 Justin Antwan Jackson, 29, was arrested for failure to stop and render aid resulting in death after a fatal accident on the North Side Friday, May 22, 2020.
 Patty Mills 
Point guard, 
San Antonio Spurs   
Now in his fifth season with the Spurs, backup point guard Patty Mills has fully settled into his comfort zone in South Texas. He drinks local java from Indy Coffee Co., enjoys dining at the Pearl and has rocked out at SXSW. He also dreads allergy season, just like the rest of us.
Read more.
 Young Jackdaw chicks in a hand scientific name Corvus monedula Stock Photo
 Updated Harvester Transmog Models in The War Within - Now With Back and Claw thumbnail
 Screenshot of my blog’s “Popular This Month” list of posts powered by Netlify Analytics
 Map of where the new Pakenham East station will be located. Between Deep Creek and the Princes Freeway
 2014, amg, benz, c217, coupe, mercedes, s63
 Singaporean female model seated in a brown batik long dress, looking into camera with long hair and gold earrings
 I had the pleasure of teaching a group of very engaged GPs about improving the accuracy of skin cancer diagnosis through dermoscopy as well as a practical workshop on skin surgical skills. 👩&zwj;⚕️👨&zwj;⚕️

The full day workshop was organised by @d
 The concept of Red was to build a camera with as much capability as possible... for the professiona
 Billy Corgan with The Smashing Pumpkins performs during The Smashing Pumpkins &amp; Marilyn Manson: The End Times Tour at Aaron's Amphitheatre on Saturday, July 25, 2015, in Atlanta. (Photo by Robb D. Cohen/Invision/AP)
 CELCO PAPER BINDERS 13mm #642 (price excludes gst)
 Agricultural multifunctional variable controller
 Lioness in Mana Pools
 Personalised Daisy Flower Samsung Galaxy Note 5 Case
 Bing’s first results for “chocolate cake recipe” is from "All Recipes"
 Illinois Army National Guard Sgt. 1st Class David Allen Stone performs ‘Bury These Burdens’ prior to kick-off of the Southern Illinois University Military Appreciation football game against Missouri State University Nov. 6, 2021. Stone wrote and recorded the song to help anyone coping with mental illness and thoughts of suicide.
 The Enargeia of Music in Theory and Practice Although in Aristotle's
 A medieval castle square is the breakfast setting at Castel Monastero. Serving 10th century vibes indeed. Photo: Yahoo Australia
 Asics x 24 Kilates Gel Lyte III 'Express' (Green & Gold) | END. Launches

_ _ _ _ _

Please return all of the entries above, exactly and completely.

| EXERCISE SOLUTION |
 Justin Antwan Jackson, 29, was arrested for failure to stop and render aid resulting in death after a fatal accident on the North Side Friday, May 22, 2020.
 Patty Mills 
Point guard, 
San Antonio Spurs   
Now in his fifth season with the Spurs, backup point guard Patty Mills has fully settled into his comfort zone in South Texas. He drinks local java from Indy Coffee Co., enjoys dining at the Pearl and has rocked out at SXSW. He also dreads allergy season, just like the rest of us.
Read more.
 Young Jackdaw chicks in a hand scientific name Corvus monedula Stock Photo
 Updated Harvester Transmog Models in The War Within - Now With Back and Claw thumbnail
 Screenshot of my blog’s “Popular This Month” list of posts powered by Netlify Analytics
 Map of where the new Pakenham East station will be located. Between Deep Creek and the Princes Freeway
 2014, amg, benz, c217, coupe, mercedes, s63
 Singaporean female model seated in a brown batik long dress, looking into camera with long hair and gold earrings
 I had the pleasure of teaching a group of very engaged GPs about improving the accuracy of skin cancer diagnosis through dermoscopy as well as a practical workshop on skin surgical skills. 👩&zwj;⚕️👨&zwj;⚕️

The full day workshop was organised by @d
 The concept of Red was to build a camera with as much capability as possible... for the professiona
 Billy Corgan with The Smashing Pumpkins performs during The Smashing Pumpkins &amp; Marilyn Manson: The End Times Tour at Aaron's Amphitheatre on Saturday, July 25, 2015, in Atlanta. (Photo by Robb D. Cohen/Invision/AP)
 CELCO PAPER BINDERS 13mm #642 (price excludes gst)
 Agricultural multifunctional variable controller
 Lioness in Mana Pools
 Personalised Daisy Flower Samsung Galaxy Note 5 Case
 Bing’s first results for “chocolate cake recipe” is from "All Recipes"
 Illinois Army National Guard Sgt. 1st Class David Allen Stone performs ‘Bury These Burdens’ prior to kick-off of the Southern Illinois University Military Appreciation football game against Missouri State University Nov. 6, 2021. Stone wrote and recorded the song to help anyone coping with mental illness and thoughts of suicide.
 The Enargeia of Music in Theory and Practice Although in Aristotle's
 A medieval castle square is the breakfast setting at Castel Monastero. Serving 10th century vibes indeed. Photo: Yahoo Australia
 Asics x 24 Kilates Gel Lyte III 'Express' (Green & Gold) | END. Launches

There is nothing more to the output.